Die kommunistische New People’s Army (NPA) hat sich - auch in jüngerer Vergangenheit - politischer Feinde unter Landreformaktivisten und Kritikern der kommunistischen Partei brutal entledigt. Der Justizminister sowie der Innenminister schieben nun jedoch einen bedeutend größeren Anteil der politischen Morde, unter anderem auch an Bayan Muna Mitgliedern, auf NPA-interne „Säuberungsaktionen“ – eine klare Verzerrung der Tatsachen um Verantwortung abzuwälzen, wie es scheint. Der Mord am 30. Mai 2006 an dem ehemaligen Friedensberater und NPA-Aussteiger Sotero Llamas, dem jedoch vorgeworfen wurde an den Umsturzversuchen Ende Februar beteiligt gewesen zu sein, zeigt, wie gefährlich das Leben auch für pluralistische Aktivisten geworden ist. Polizei und Militär schoben den Mord unmittelbar der NPA zu.

In wieweit der neuerliche Anstieg an Morden in Verbindung mit Rücktrittsforderungen und Putschversuchen gegen die Präsidentin steht, ist unklar. Dass die umgebrachten Aktivisten jedoch auch zu Arroyos politischen Feinden zählen, könnte die Unfähigkeit der Regierung sich des Problems anzunehmen zumindest teilweise erklären. So wird die im Januar 2006 beschlossene Beförderung von Generalmajor Palparan, dem vorgeworfen wird für 38 Morde an Bayan Muna Mitgliedern in von ihm kontrollierten Gebieten verantwortlich zu sein, von vielen als Gutheißung seiner brutalen Aufstandsbekämpfungsmaßnahmen verstanden. Palparan erklärte erst Anfang April, das Land bis zu seiner Pensionierung am 21. September 2006 von der NPA „säubern“ zu wollen. Laut Zeitungsberichten hat das Militär ein Kopfgeld von etwa 400 US-Dollar für jeden Bereichsleiter der NPA ausgeschrieben – ob tot oder lebendig.

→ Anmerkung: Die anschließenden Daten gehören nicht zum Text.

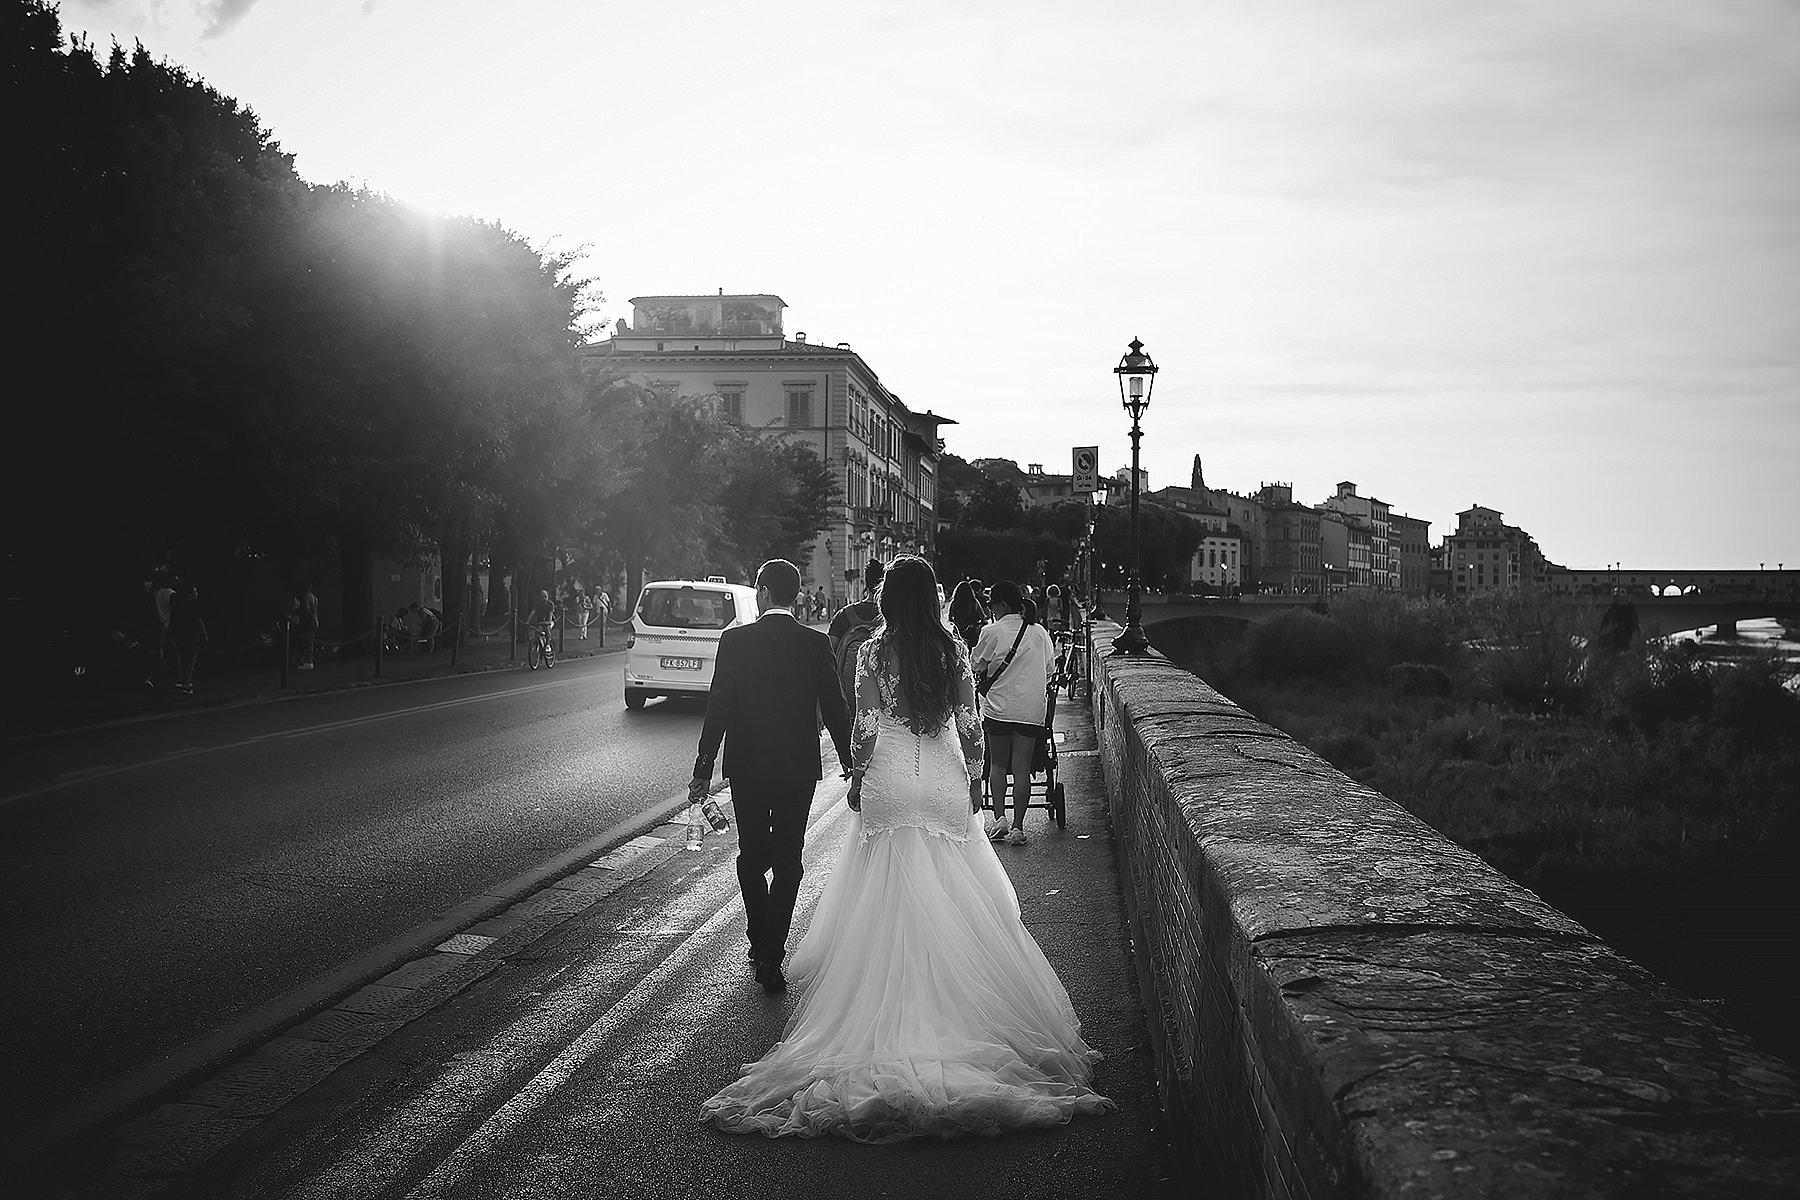 foto artistica in bianco e nero di sposi mantre camminano a Firenze sui lungarni
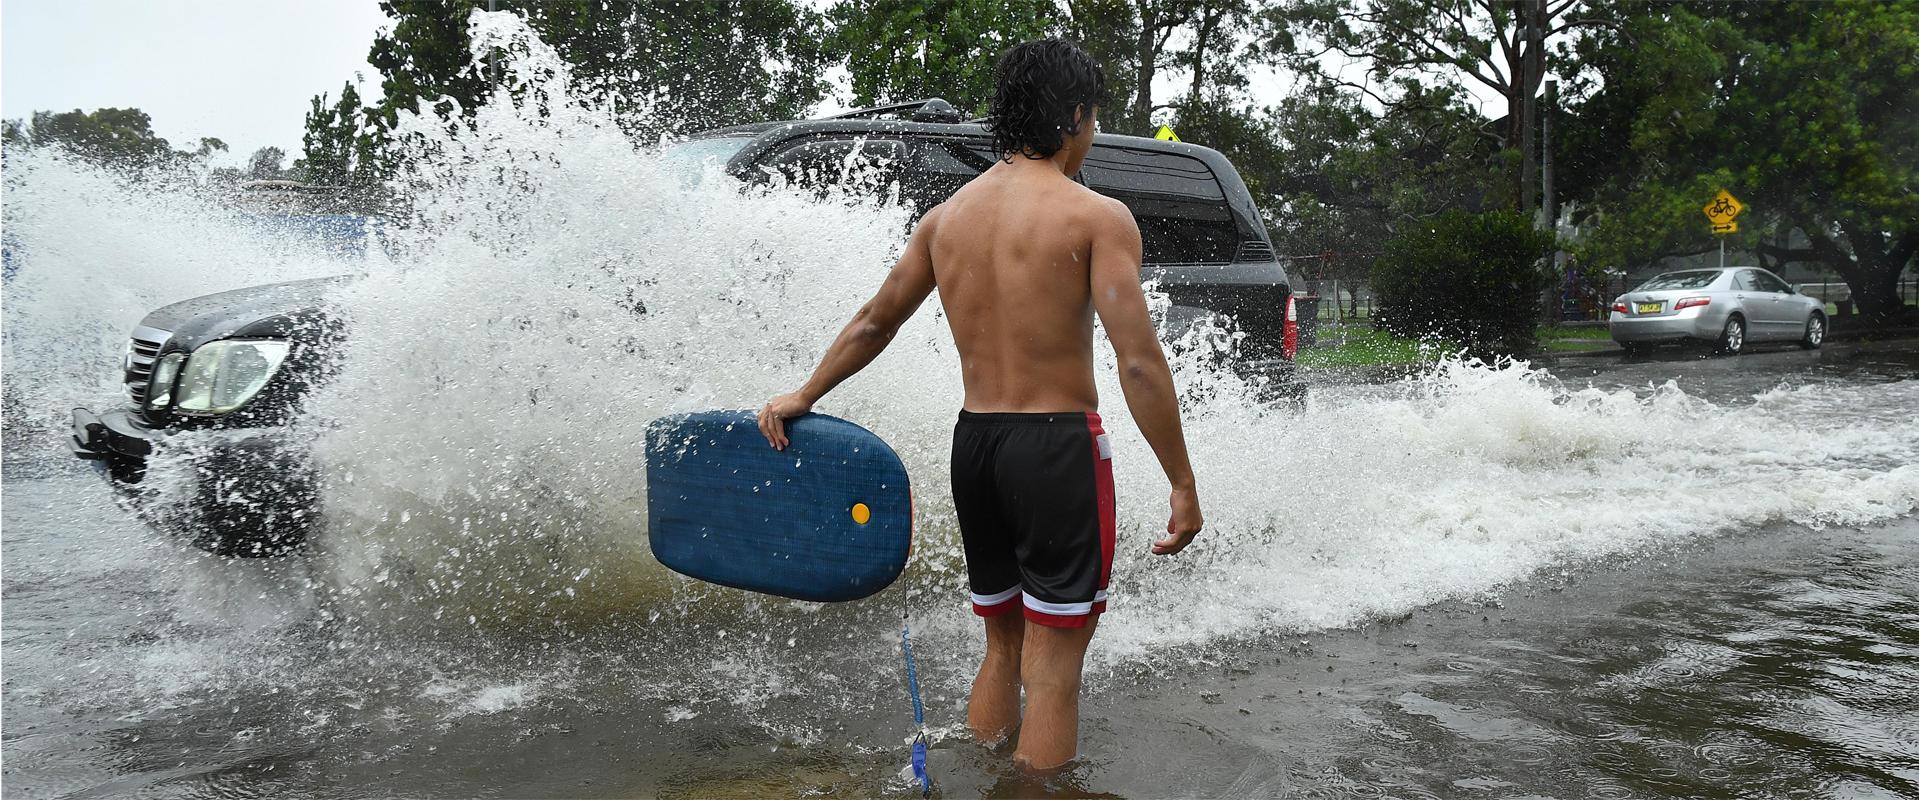 Lluvias torrenciales en Sídney

Die Aufforderung des Vorsitzenden der philippinischen Menschenrechtskommission, Purificiacion Quisumbing, am 22. Mai, die Morde verantwortungsvoll zu untersuchen, quittierte der Justizminister Gonzalez unlängst mit den Worten: „Ich denke, die Menschenrechtskommission glaubt immer, dass alle Linken Kandidaten für die Heiligsprechung sind, und dass die Regierung immer unrecht hat.“ Sein Lösungsvorschlag: Er setzt sich dafür ein, dass bedrohte Journalisten leichter einen Waffenschein erhalten um sich selbst bewaffnen zu können. Der Superintendent der nationalen Polizei Samuel Pagdilao kommentiert achselzuckend: „Wissen Sie, bei Verbrechen gibt es einen Trend ... manchmal fällt er, manchmal steigt er – es fluktuiert halt und folgt der Sinuskurve. (...) Ein Anstieg der Kriminalitätsrate heißt noch nicht, dass die Polizei versagt hat. Ich glaube nicht, dass es überhaupt möglich ist in einer perfekten Welt zu leben.“

(1) Anmerkung der Redaktion: Seit Redaktionsschluss sind weitere Aktivisten erschossen worden. So wurde der Mitarbeiter der United Church of Christ of the Philippines (UCCP) Noli Capulong am 27. Mai auf dem Heimweg mit vier Schüssen ermordet.